China sees progress on ‘structural issues’ during trade talks

The U.S. and Beijing made progress on "structural issues" during talks to resolve a trade dispute between the two countries, China’s commerce ministry said on Thursday, according to Reuters.

Ministry spokesman Gao Feng reportedly said during a news conference that the two sides made progress on issues including forced technology transfers, intellectual property, tariff barriers and cyber attacks.

Gao added that the talks between the two countries were “serious” and “honest," the news service reported.

Gao did not say when the two sides would meet again nor was there an indication of what the next concrete step in negotiations would be, according to media reports.

“For the next step, work teams from both sides will continue to work hard and push forward consultations as originally planned,” Gao said.

Trade representatives from China and the U.S. met in Beijing for negotiations from Monday through Wednesday for negotiations to end the trade dispute that has seen the countries exchange tariffs over the last several months.

Deputy U.S. Trade Representative Jeffrey Gerrish led the U.S. delegation in the negotiations.

The meeting was the first between the two sides since President Trump and Chinese President Xi Jinping reached a 90-day trade truce during a Dec. 1 meeting in Argentina.

The U.S. Trade Representative’s (USTR) office said Wednesday that China vowed during the talks to buy a "substantial amount" of American goods and services.
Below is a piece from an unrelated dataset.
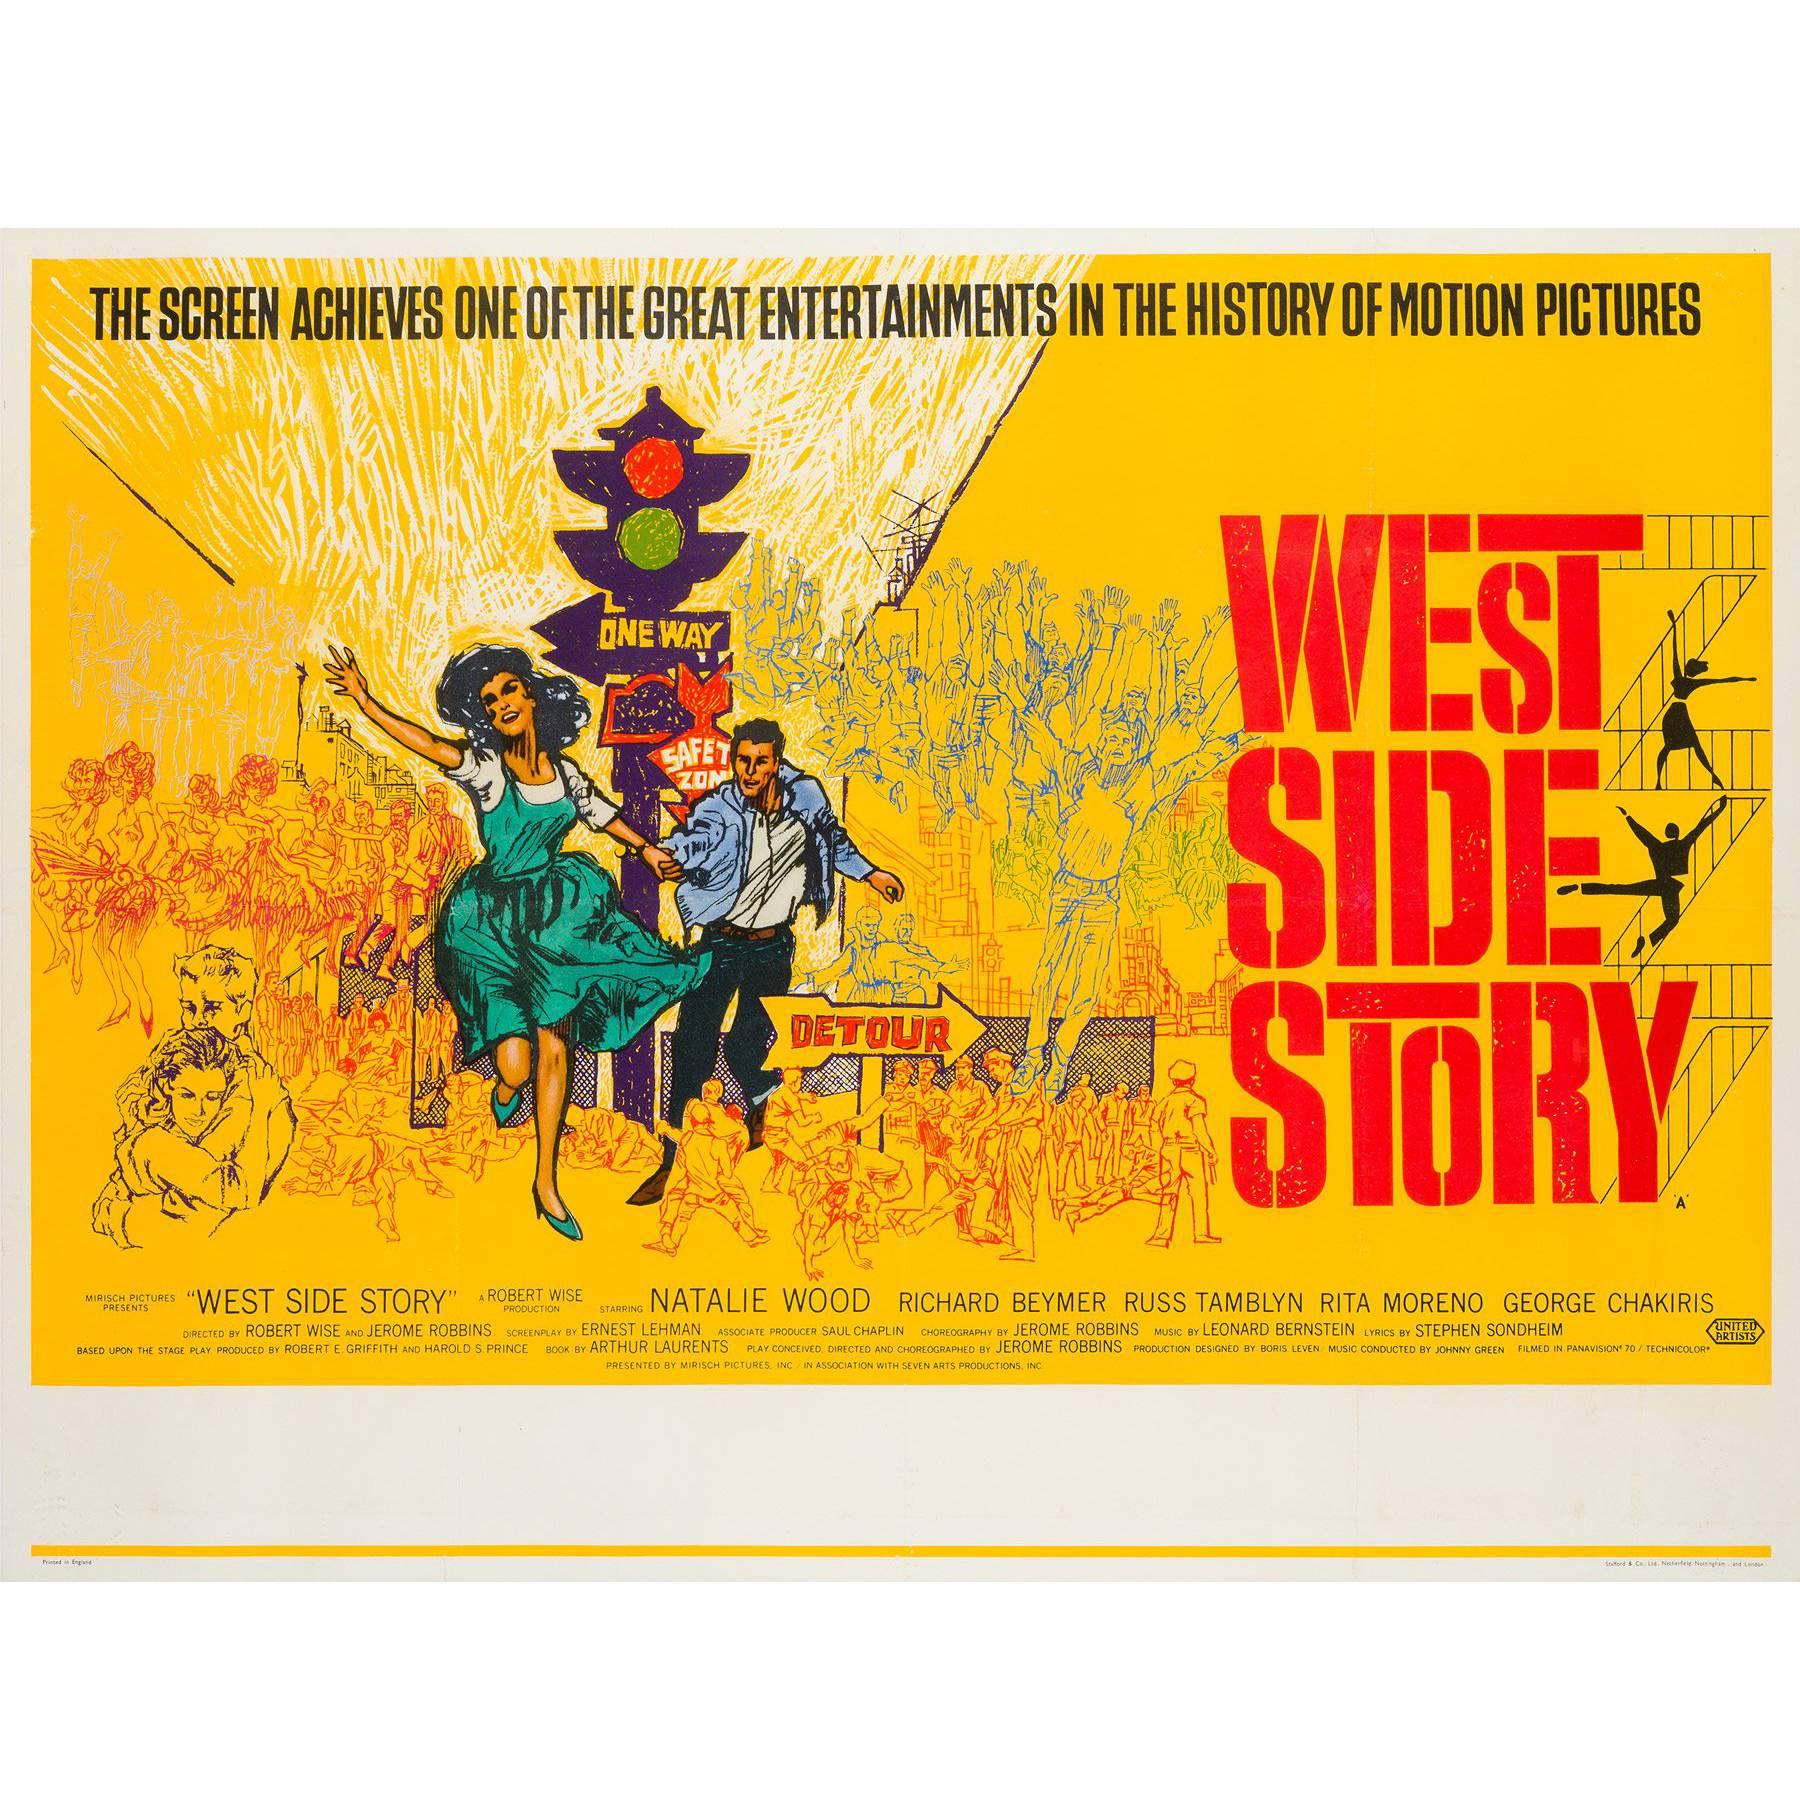 'West Side Story' UK Film Poster, Brian Bysouth, 1961
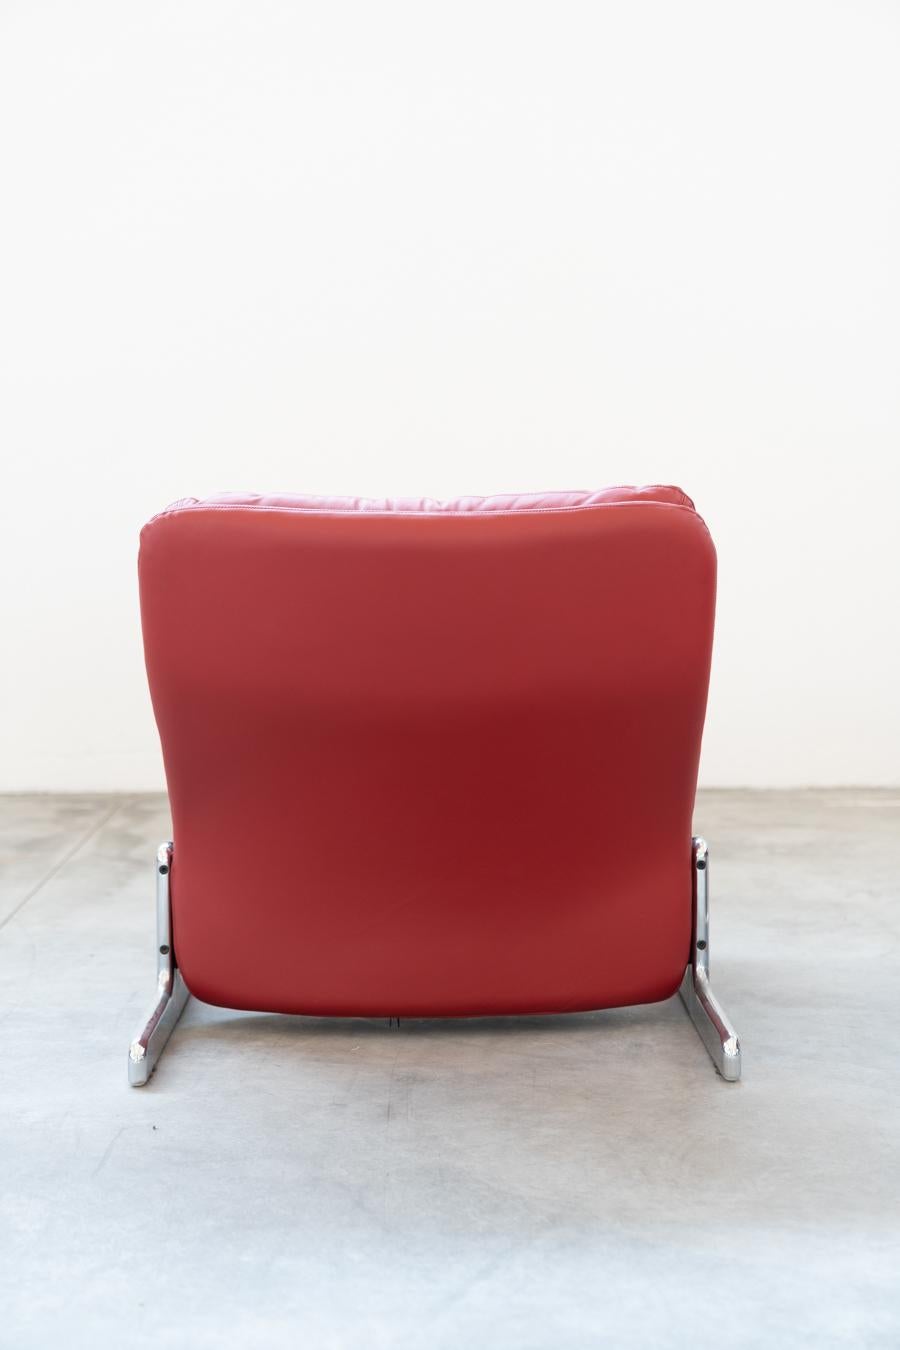 Red leather armchair and footstool, Vitelli and Ammannati, for Brunati 70/80s For Sale 11

"The talks also focused on China’s pledge to purchase a substantial amount of agricultural, energy, manufactured goods, and other products and services from the United States," the USTR said in a statement. "The United States officials conveyed President Trump’s commitment to addressing our persistent trade deficit and to resolving structural issues in order to improve trade between our countries."

The White House has pledged to increase tariffs on China in March if the countries don't come to an agreement before then.